Pirate, that's a good station. There are many songs your station plays, but major market terrestrial radio sadly does not play. Too bad the average listener has not realized the great music available online. They insist on hearing the same ole, same ole on regular radio filled with 8 minute stop sets, 2-3 times an hour. Oh well....
 
Aubrey, Car Wash, Tenderness, Comin' In & Out Of Your Life, Middle Of The Road, Take It On The Run, It Hurts To Be Sixteen...what a dumb station! Where are Happy Together and Brown Eyed Girl and Oh Pretty Woman and Do Wah Diddy Diddy and Na Na Hey Hey Kiss Him Goodbye?

(I hope David understands my satire there. I'm afraid he'll take me seriously and then he'll say, "See? People don't want obscure songs---they want to hear the same few big hits over and over and over!" :D )
 
LARadioRewind said:
Aubrey, Car Wash, Tenderness, Comin' In & Out Of Your Life, Middle Of The Road, Take It On The Run, It Hurts To Be Sixteen...what a dumb station! Where are Happy Together and Brown Eyed Girl and Oh Pretty Woman and Do Wah Diddy Diddy and Na Na Hey Hey Kiss Him Goodbye?
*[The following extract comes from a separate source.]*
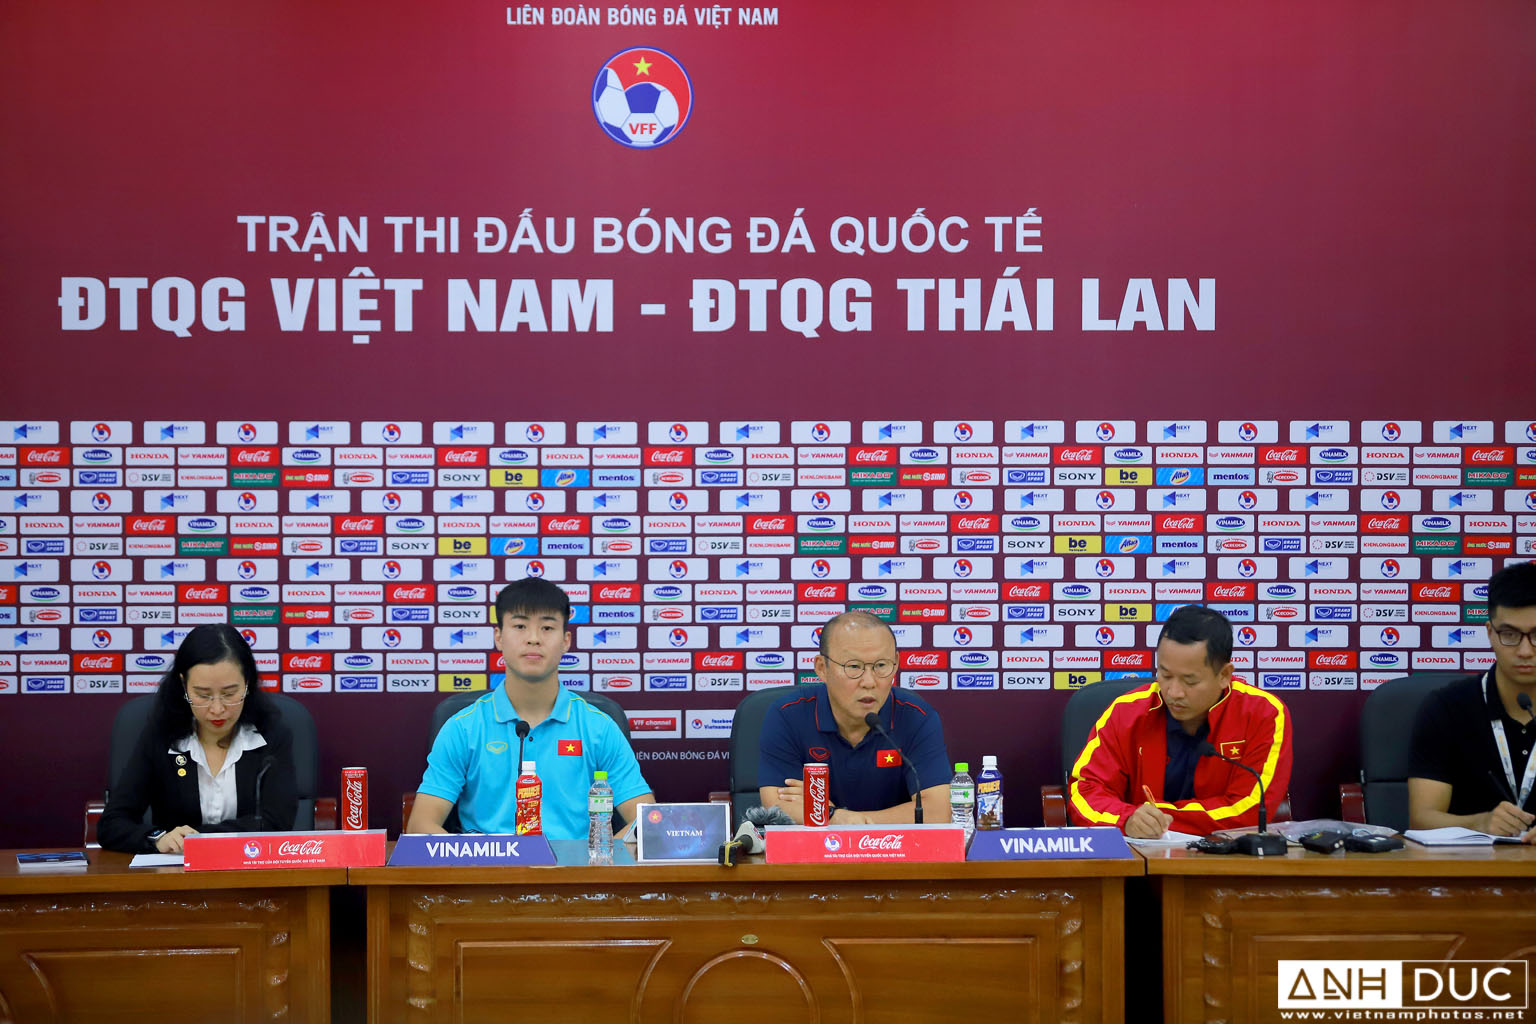 Truong Anh Duc Press Photographer - Vietnam Photos
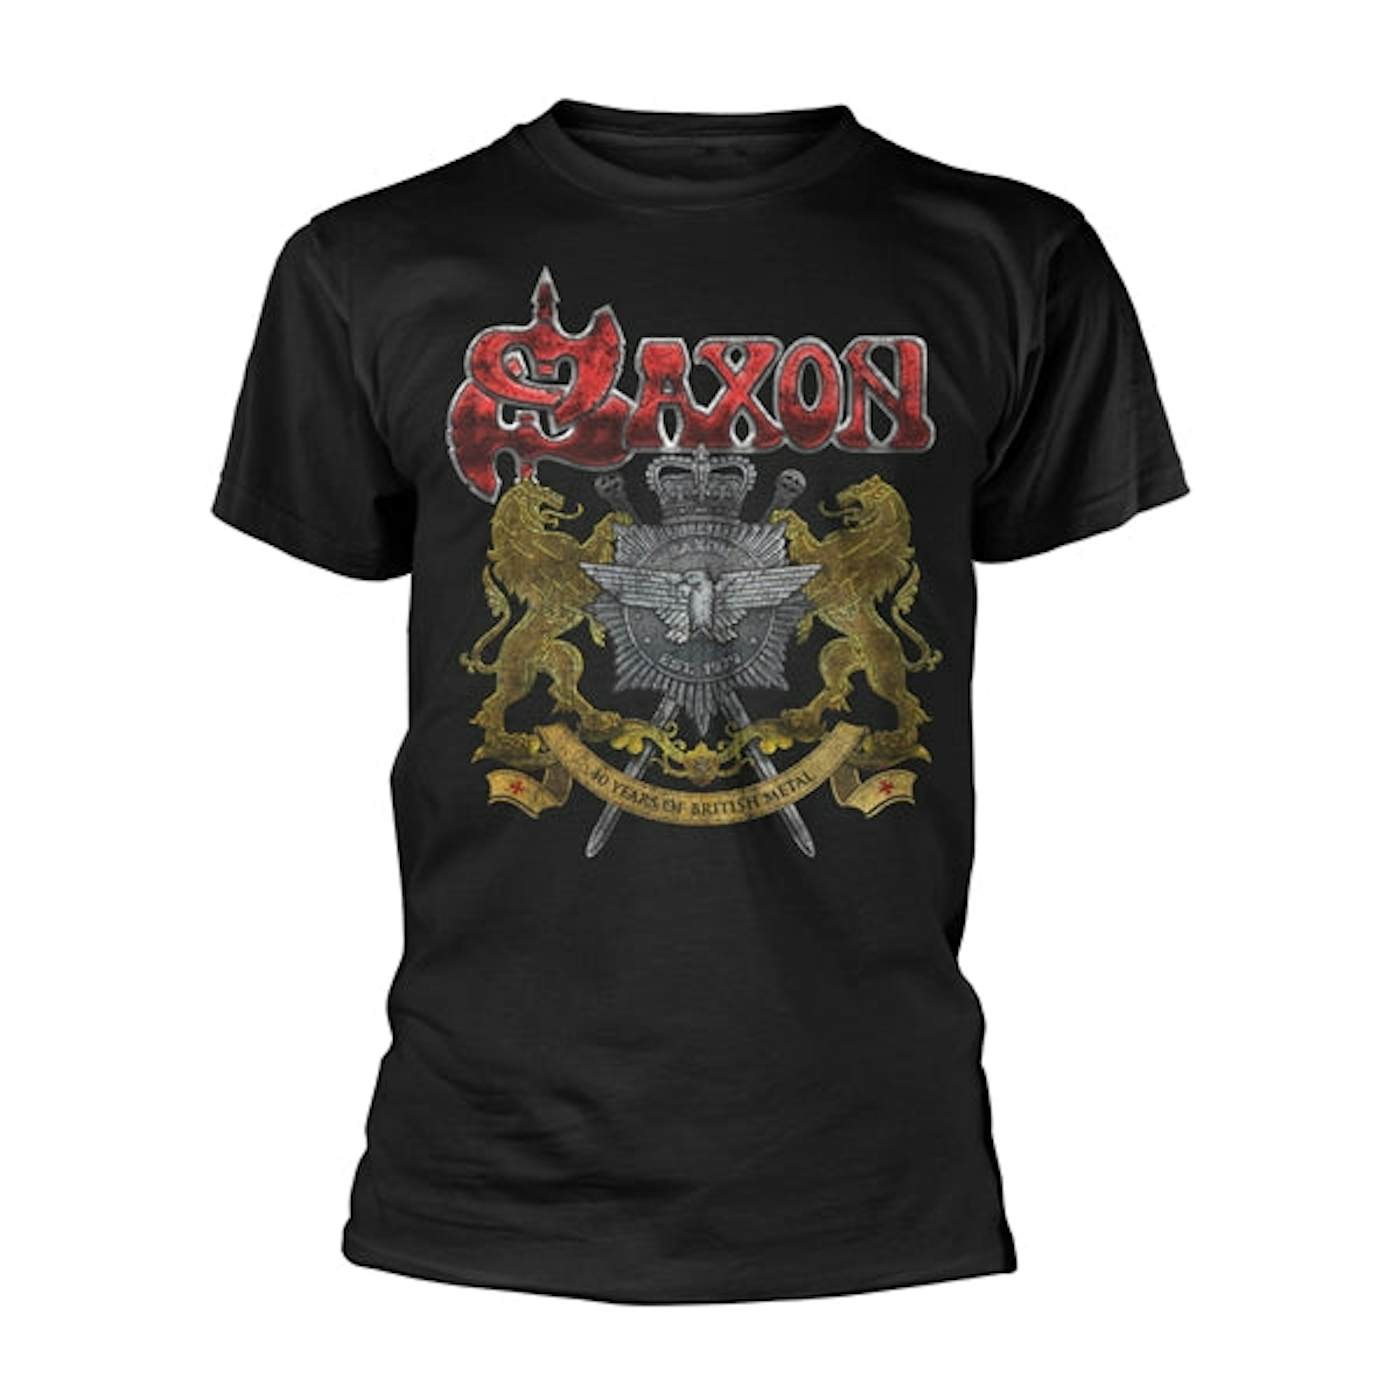 Saxon T-Shirt - 40 Years

(I hope David understands my satire there. I'm afraid he'll take me seriously and then he'll say, "See? People don't want obscure songs---they want to hear the same few big hits over and over and over!" :D )

I played those last week when I wasn't streaming. They'll be back in four weeks.
 
So your station is just like all the others: you play Happy Together and Brown Eyed Girl and Oh Pretty Woman every four hours!

Oh wait...you said "four weeks." My mistake.

In 2004-05 KSUR, located in Mission Hills but licensed to the ritzier-sounding Beverly Hills, simulcast a 1950s-60s oldies with XESUR-Tijuana. "Oldies 1260 & 540" played almost every top-40 pop hit from 1955 to 1969. The emphasis was on lower-charting songs; if a song was regularly played on FM oldies station KRTH, it would be heard on KSUR only once a week. They took requests too. John Regan had a weekend doo-wop show and didn't have a copy of the Harps' Marie but he tracked down a copy and played it in response to my request. Wow! Unfortunately the station was---and still is---owned by Saul Levine, who tends to change formats every year or two. The oldies gave way to standards in 2005; the station is now classical. We need to have a greater number of independent station owners who aren't afraid to play what we want instead of telling us that "nobody wants to hear those old songs anymore."